Which brings me to why are we paying $300/ml for oud oil or $30 for a candle that smells like
Granddad's Workshop? Olfaction is powerful sensory input. We like things that smell nice, and we recoil
from things that stink. Some of this is probably baked into our very beings through evolution that puts a
premium on survival and reproduction. Recent research (Ikei et al, 2017) summed up studies on the
physiological effects of smelling wood odorants (cedar and cypress and pine). A good whiff of pine can
drop your heart rate, blood pressure, and stress.
But perhaps the strongest effect of smell is its power to evoke memories. This is known as the Proust
phenomenon, the sudden, vivid, and emotionally-rich recollection of autobiographical memory
triggered by odor. Scientifically, the theory is that your nose is connected more directly to parts of the
brain that process memory and emotion compared to other sensory inputs. Smells have a stronger
connection to memory and are able to retrieve the past in ways that sounds and sight do not. My
brother's first response to the smell of Doug fir is a vivid recollection of cutting lumber in the garage — an
old, autobiographical memory with a strong emotional component of happy times making things with
Dad.
Helen Keller said, "Smell is a potent wizard that transports you across thousands of miles and all the
years you have lived." So I am sitting in my shop today surrounded by walnut and cherry and pine and fir
and catalpa. There is a Camellia Oil-soaked rag ready to wipe the bench planes, a bottle of hide glue on
the bench, the SC Johnson paste wax buffing cloth, and the WD-40 I just used to lube the tablesaw.
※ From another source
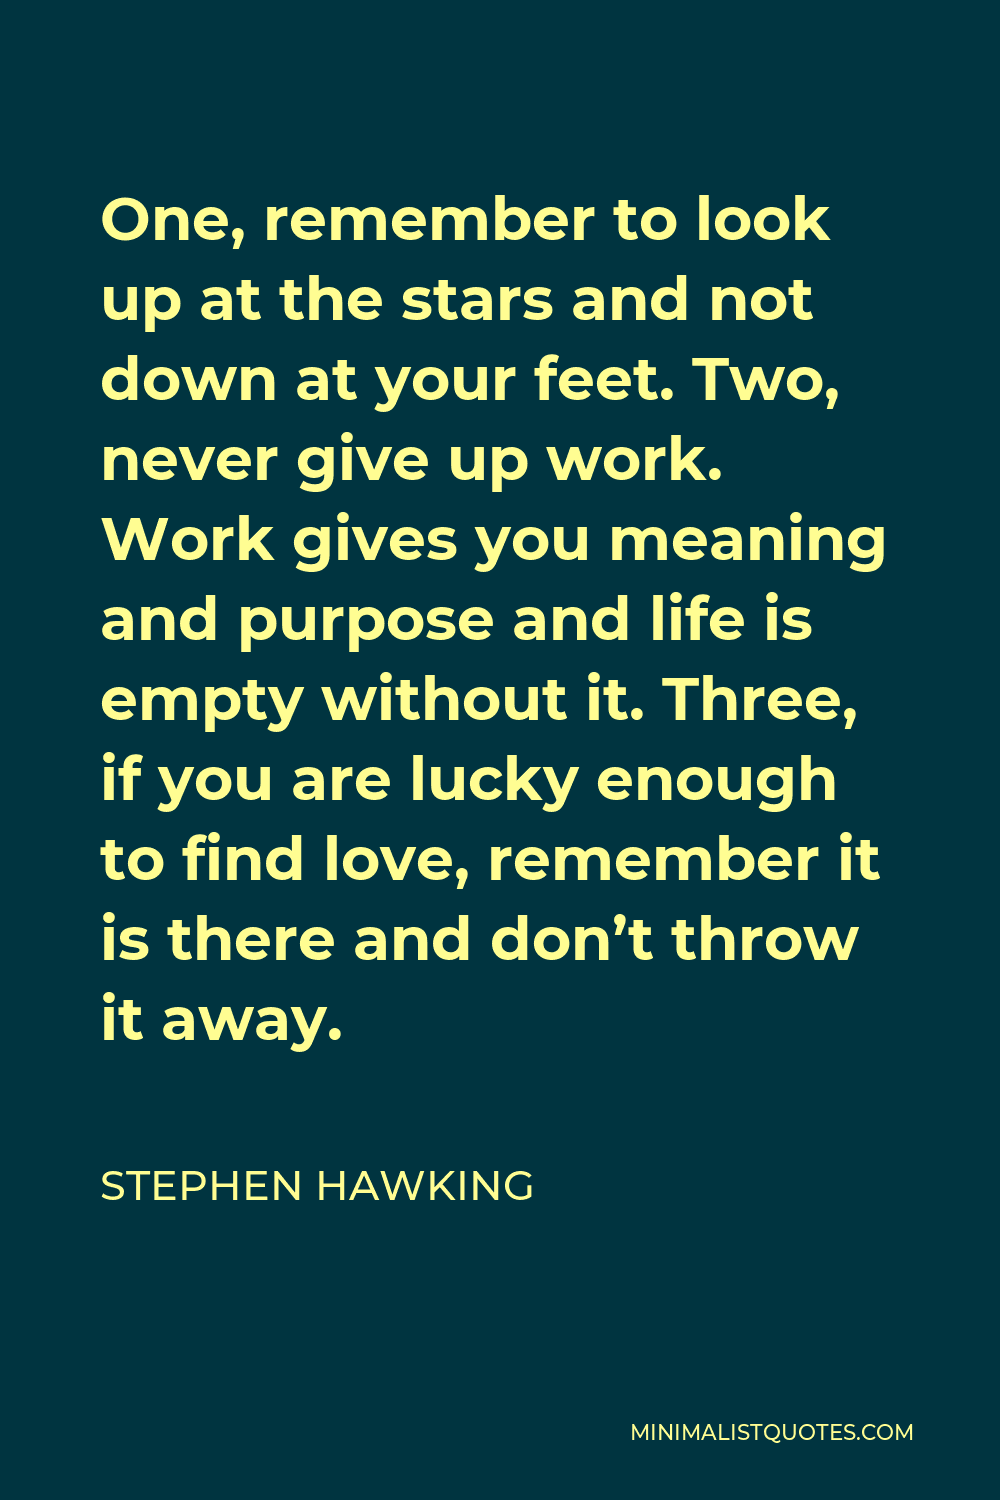 Stephen Hawking Quote - One, remember to look up at the stars and not down at your feet. Two, never give up work. Work gives you meaning and purpose and life is empty without it. Three, if you are lucky enough to find love, remember it is there and don’t throw it away.

I close my
eyes, and the fragrant blend of hundreds of odors mixing with the dust motes in the air takes me back to
workshops past, being an 8-year-old in a shop with violin varnish curing in a cabinet, piles of aluminum
swarf and cutting oil, watching Grandpa carve a ball in a cage sitting at his bench--whispers of stories
from Grandpa's workshop. Priceless.
References
Ikei, H.; Song, C.; and Miyazaki, Y. 2017. Physiological effects of wood on humans: a review. J Wood Sci 63, 1–23..
Schreiner, L.; Bauer, P.; and Buettner, A. 2018. Resolving the smell of wood-Identification of odour-active compounds in Scots pine (Pinus sylvestris L.). Sci Rep 8, 8294 (2018).